What you have to do: Since the copy must hold text only, transcribe the data below exactly and omit the images.

Collected material:
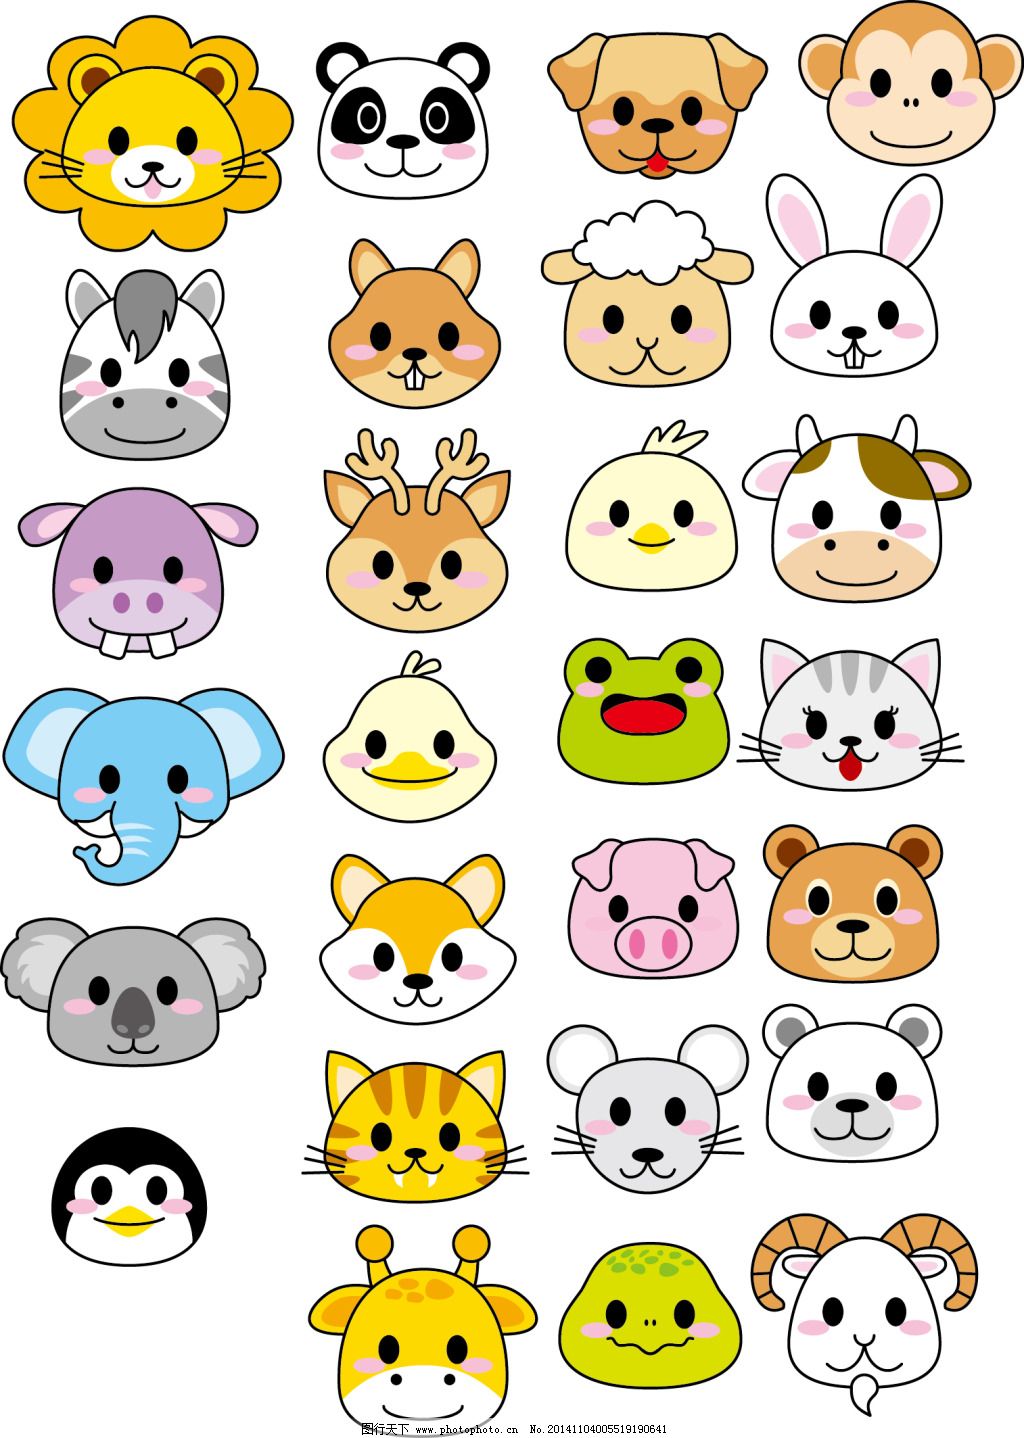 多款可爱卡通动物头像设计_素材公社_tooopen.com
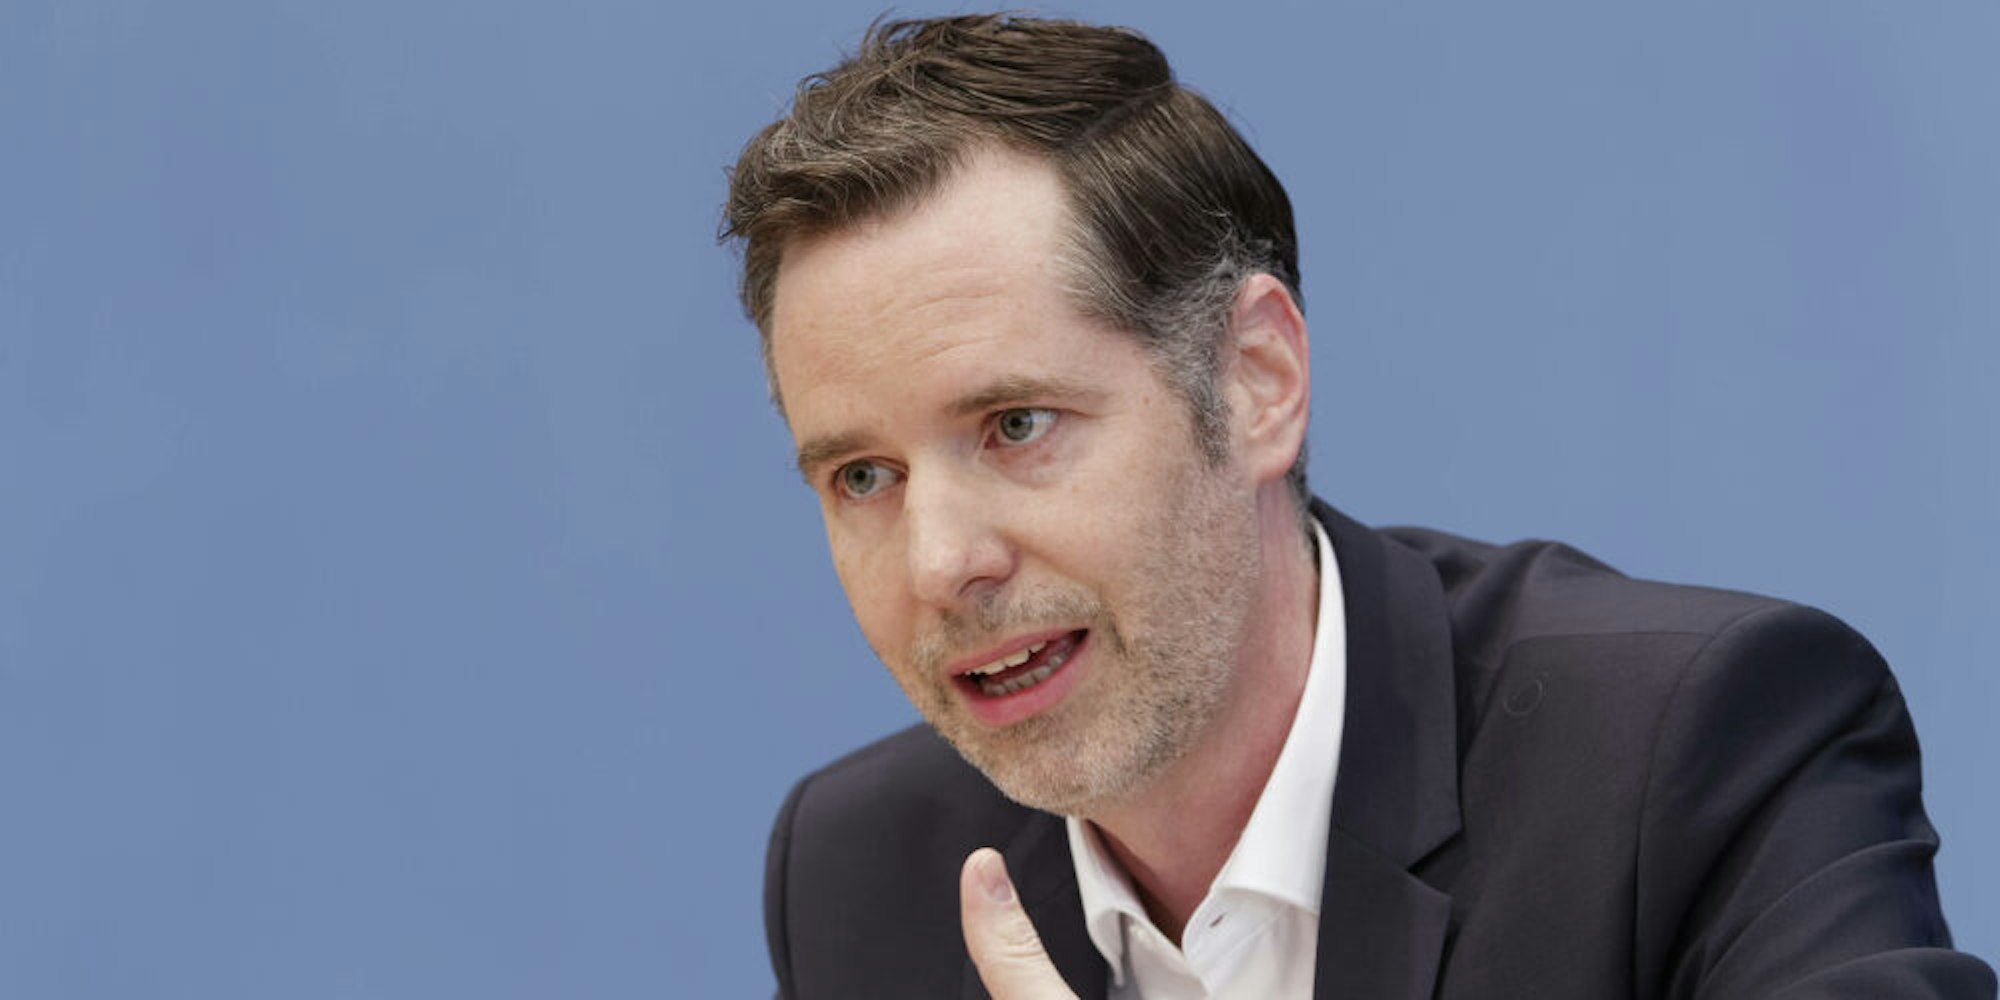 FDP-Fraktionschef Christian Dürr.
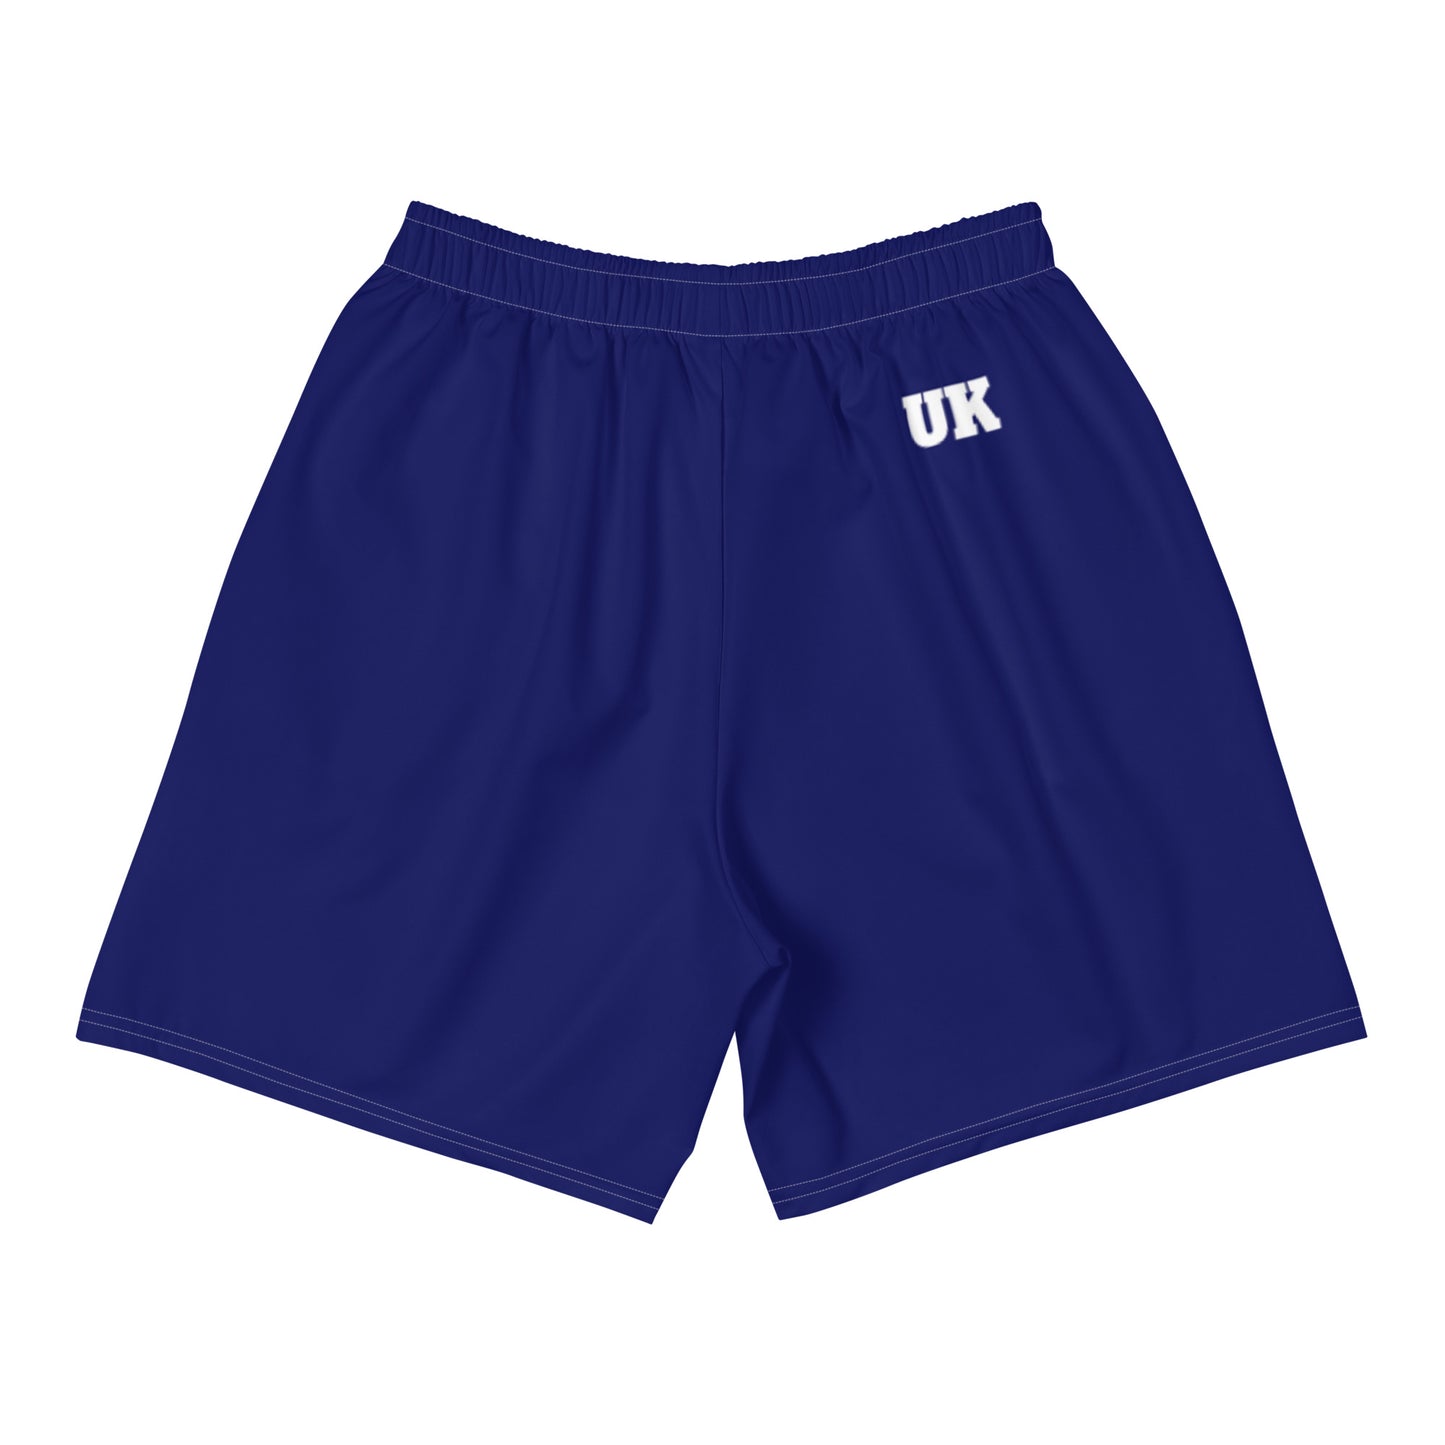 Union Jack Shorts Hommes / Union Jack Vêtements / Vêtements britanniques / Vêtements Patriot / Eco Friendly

Your response:
 多款可爱卡通动物头像设计_素材公社_tooopen.com
 FDP-Fraktionschef Christian Dürr.
 Union Jack Shorts Hommes / Union Jack Vêtements / Vêtements britanniques / Vêtements Patriot / Eco Friendly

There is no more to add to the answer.